Por caso, en los 90, el petróleo se abrió al capital privado, pero el Estado siguió teniendo poder de veto y, de hecho, el control estratégico de Petrobras. Ese esquema, que sumó dinero fresco a una visión estratégica, terminó con el Brasil dependiente de la energía importada y, a fines de 2007, se tradujo en un impactante descubrimiento de petróleo en el lecho del Océano Atlántico capaz de convertir al país en el sexto productor mundial de crudo y aportarle una riqueza de 1 billón de dólares. Lula da Silva se convirtió en jeque, como bromeó, sorprendido, otro jeque, Hugo Chávez.
Aprovechando el surgimiento del «Brasil saudita», el presidente modificó el esquema regulatorio del sector. En lugar de coparticipar a los accionistas privados de Petrobras, que habían realizado el esfuerzo inversor junto al Estado, decidió (con el Congreso) que el nuevo crudo sea entera propiedad de la Unión. A su vez, como compensación, determinó que Petrobras sea la única empresa autorizada a explotarlo.
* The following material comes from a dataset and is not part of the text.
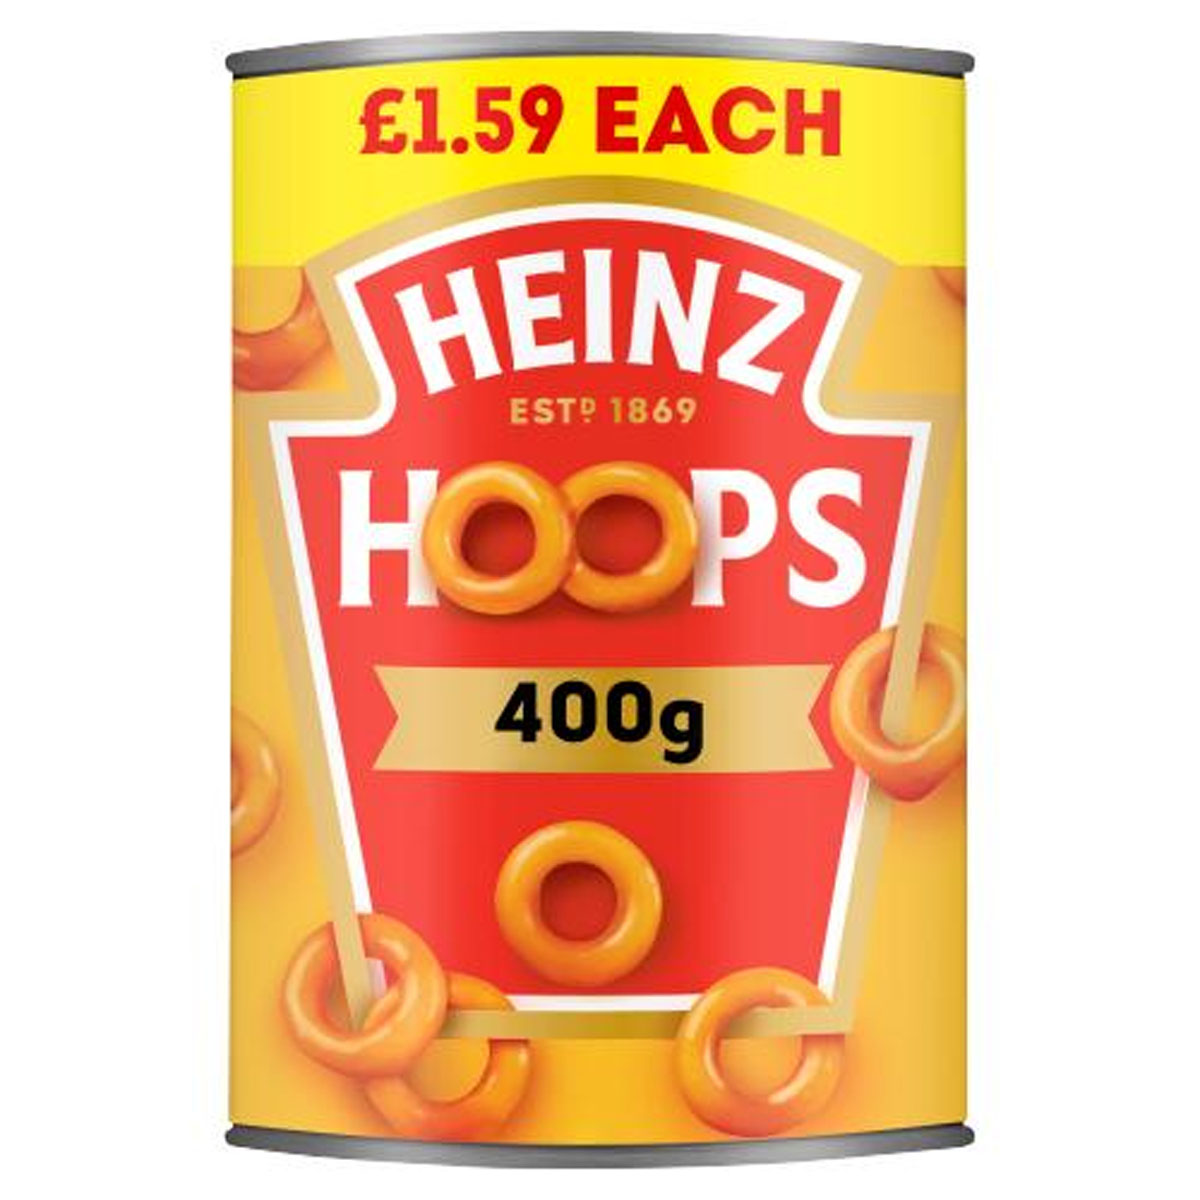 Heinz - Hoops Shaped Pasta in a Juicy Tomato Sauce - 400g tin.

La reciente ampliación de capital de Petrobras resulta reveladora del rol que le adjudica el Gobierno. La operación, que alcanzó a 70.000 millones de dólares y se convirtió en la mayor de la historia, tuvo un componente estatal de nada menos que dos tercios del total. Así, la participación del Estado pasó del 40% al 48% del capital total, y del 55% al 60% si se consideran solamente las acciones de derecho a voto.
El 1 de enero próximo, cuando Lula da Silva deje el poder, tocará a su fin una etapa extraordinaria en la historia de Brasil. Una historia de éxitos, deudas pendientes (sigue siendo una de las sociedades más desiguales del mundo) y promesas estimulantes. El componente ideológico del proceso ha sido menos denso que el declamado por quienes enarbolan la idea de un Lula izquierdista y por quienes lo consideran un ortodoxo puro.
Lo cierto es que Brasil, siempre pragmático, se dirige al desarrollo y se ganó un lugar de liderazgo en la política regional. La Argentina, su primer socio en la aventura inconclusa del Mercosur, mira, y, esperemos, aprenda.
(Nota publicada en Ámbito Financiero).